Ainsi, ces notions guident les pratiques en recherche. Cependant les méthodes à utiliser font l’objet de débats et elles varient selon les études. Le travail d’O’Shaughnessy et Krogman (2012) met de l’avant que la méthodologie qualitative est privilégiée par la perspective féministe puisqu’elle adopte un point de vue critique par rapport aux vécus des sujets et de remise en question du savoir établi. La collecte de données par entretien est donc couramment employée. Par contre, certains chercheurs sont d’avis que l’utilisation des méthodes qualitatives peut aussi reproduire les schèmes de pouvoir dominants et que c’est davantage l’attitude et la lunette du chercheur qui sont importantes dans la façon de construire la recherche (Ackerly, 2009 ; Landman, 2006; Sprague, 2005). De plus, la recherche sur les femmes ne doit pas seulement se centrer sur les rapports de domination vécus relativement au genre, mais aussi sur les rapports de race, classe, orientation sexuelle, condition physique, etc. (Beckman, 2014 ; Taylor 1998). Cela constitue d’ailleurs la principale critique adressée à l’endroit des pratiques féministes en méthodologie (Sprague, 2005). Elle doit être en mesure de redonner du pouvoir aux femmes que ce soit dans le processus de la recherche ou par la diffusion des résultats (Corbeil & Marchand, 2006; Crenshaw, 1991; Taylor, 1998). Les principes et méthodes varient donc dans la production de savoir et ne font pas nécessairement l’objet de consensus. Celles-ci se font pour et avec les femmes dans le but d’avoir une compréhension de leur situation et de créer des leviers d’action pour le changement social de leurs conditions. Les stratégies utilisées dans cette recherche pour favoriser la diminution des rapports de pouvoir entre les militantes* et l’étudiante-chercheuse ont débuté par la prise en compte de notre point de vue par rapport à notre objet d’étude et aux sujets. Prendre en considération ses propres perspectives en tant qu’individu producteur de savoir permettra de comprendre nos influences sur le développement du processus de recherche.
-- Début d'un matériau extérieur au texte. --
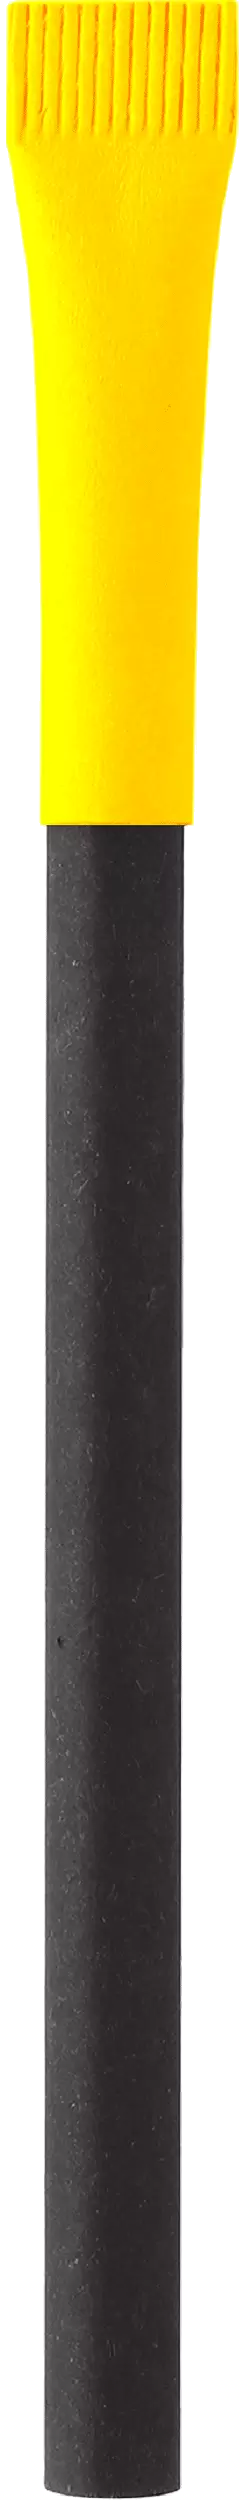 Ручка KRAFT MIX Черная с желтым 3011-08-04
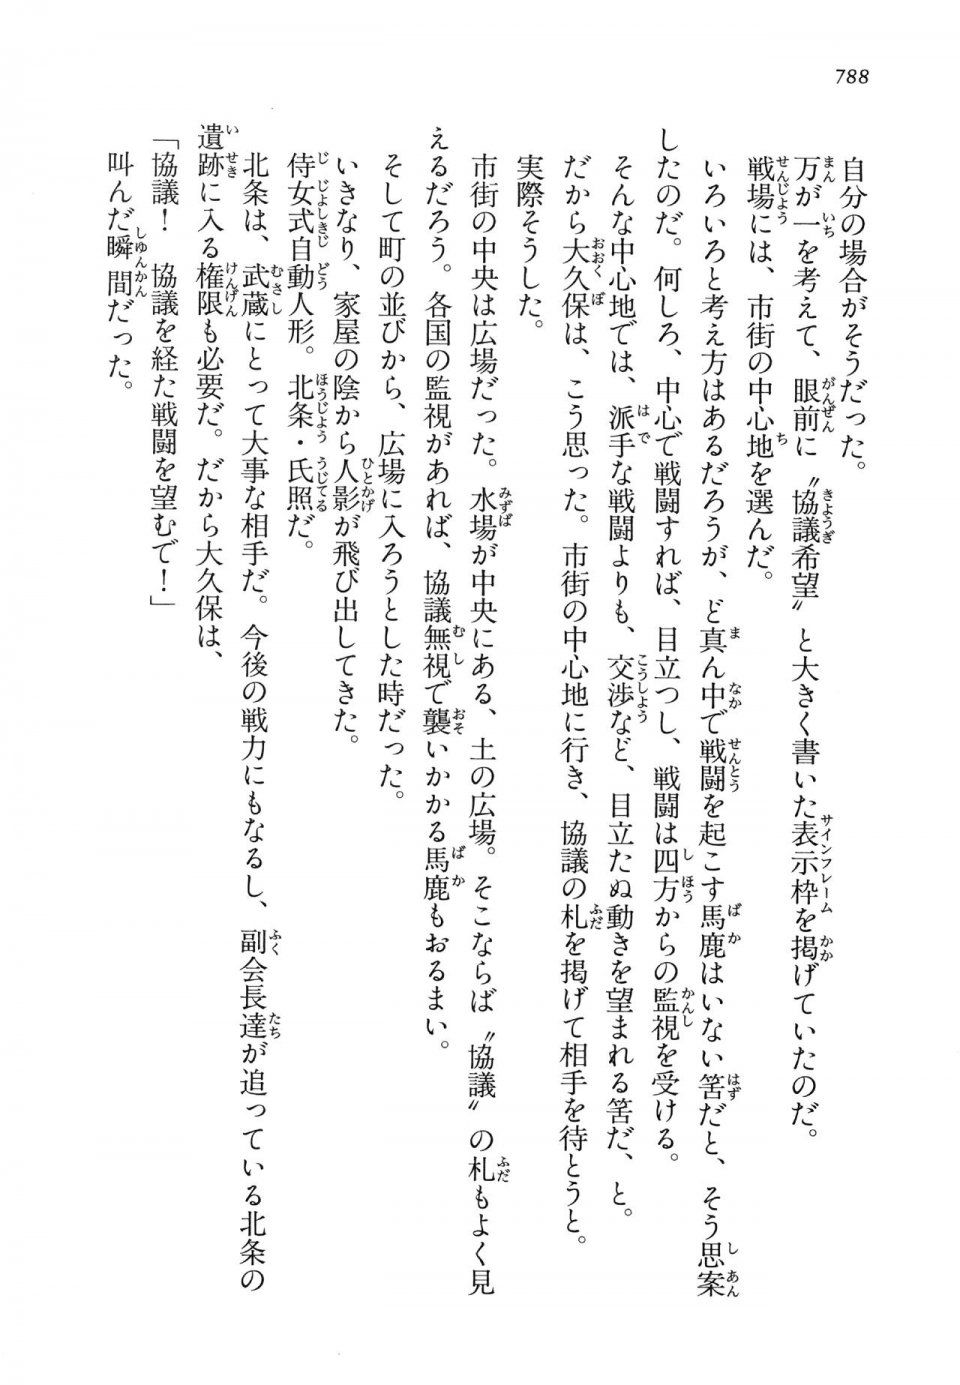 Kyoukai Senjou no Horizon LN Vol 14(6B) - Photo #788

Tout d’abord, je me perçois en tant que jeune femme, blanche, militante et féministe. Le début de mon parcours militant s’est amorcé avec la grève étudiante de 2012 alors que j’étais cégépienne. Cette époque a profondément marqué mes questionnements de l’univers social dans lequel nous nous situons, mais également sur le fonctionnement de l’État et de ses organes de contrôle. Ayant la fibre féministe, ces évènements m’ont permis de mieux saisir les rapports de pouvoir perpétuant des injustices sociales pour les femmes. Ma compréhension théorique du féminisme s’est alors développée au courant des années qui ont suivi. Ces expériences ont considérablement influencé mes intérêts de recherche. Me posant, au tout début de mon parcours

à la maîtrise, des questions quant aux interactions entre la police et les manifestants dus à mon vécu du printemps 2012, ce sont mes sensibilités féministes qui m’ont permis de mieux identifier le vide empirique entourant l’expérience des femmes dans ce champ d’études.

Ce vécu, en tant que militante étudiante en 2012 et en tant que femme, ont aussi construit le rapport entre les participantes* à la recherche et moi-même. La majorité d’entre elles* ayant également participé à cette mobilisation, j’avais une connaissance et une compréhension de leur réalité, mais avec une distance. N’ayant moi-même été qu’une fois témoin d’interaction conflictuelle avec la police lors d’une manifestation, j’avais une implication différente que celle de ces femmes*. Ce vécu partagé a facilité le contact avec celles*-ci puisque je pouvais aisément comprendre leurs références quant à leur mobilisation, mais aussi au fait d’être une femme. En misant sur le partage et l’échange, de même qu’en maintenant une attitude d’ouverture et de non-jugement, nous avons posé les bases des rapports égalitaires. Dans l’objectif d’atteindre ces rapports, nous avons également proposé aux participantes* d’avoir accès aux matériels produits (bande audio de leurs entrevues). Ma perspective, émergeant de mes expériences personnelles et en lien avec le vécu des militantes*, a eu des effets considérables sur le déroulement de ma recherche.